Id. at 559, 631 S.E.2d at 843-44 (quoting State v. Jones, 358 N.C. 473, 477-78, 598 S.E.2d 125, 128 (2004) (internal citations omitted)). Our Court also stated: "But civil or criminal, '[w]hen the language of a statute is clear and unambiguous, there is no room for judicial construction, and the courts must give it its plain and definite meaning.'" Id. at 559, 631 S.E.2d at 844 (quoting Lemons v. Old Hickory Council, 322 N.C. 271, 276, 367 S.E.2d 655, 658 (1988)). Employing these principles, our Court held that a locked desk was not a "safe" or "vault" for purposes of the offense of safecracking. Id. at 558-60, 631 S.E.2d at 843-44. However, Goodson does not support B.D.N.'s position in the present case. Under the plain language of N.C.G.S. § 14-69.1(a), under which B.D.N. was charged, a school building, although a public building, would also qualify as "any building."
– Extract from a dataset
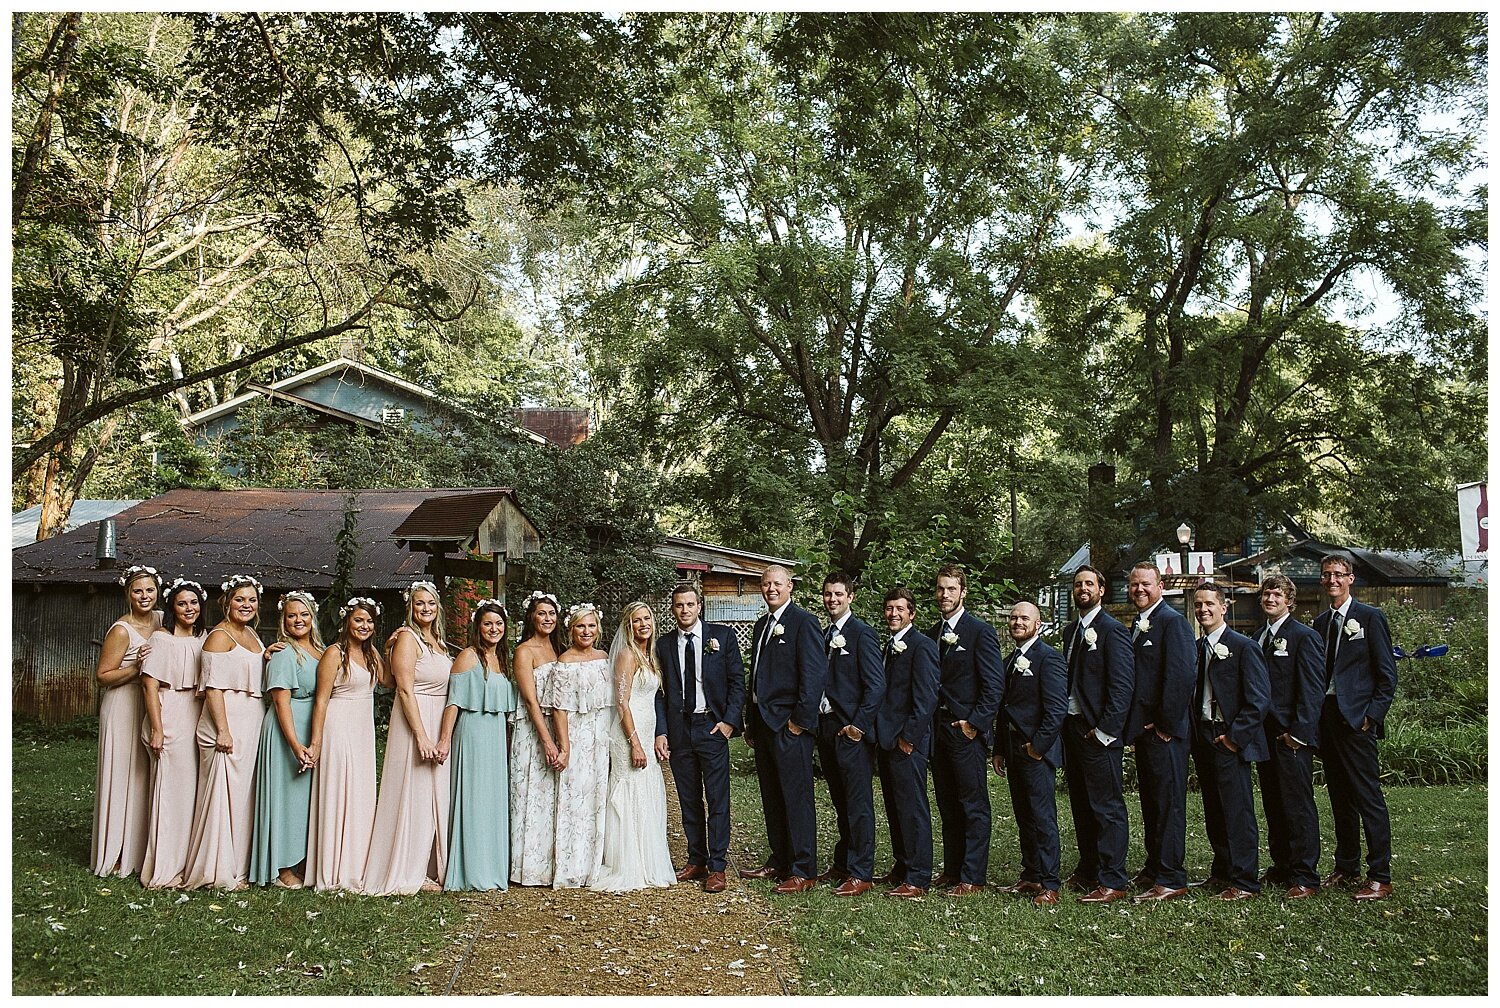 pastel colored bridal party outfits

    B.D.N. further relies upon language from Fowler v. Valencourt, 334 N.C. 345, 435 S.E.2d 530 (1993), that "'[w]here one of two statutes might apply to the same situation, the statute which deals more directly and specifically with the situation controls over the statute of more general applicability.'" Id. at 349, 435 S.E.2d at 532 (quoting Trustees of Rowan Tech. v. Hammond Assoc., 313 N.C.230, 238, 328 S.E.2d 274, 279 (1985)). However, in Fowler, our Supreme Court employed this principle in determining which statute of limitations provision applied to the plaintiff's tort actions. Id. at 349-50, 435 S.E.2d at 532-33. B.D.N. has not cited any decision in which this principle was applied in a situation analogous to the present case. For the reasons stated above, we overrule this assignment of error.
    Affirmed.
    Judges STEPHENS and SMITH concur.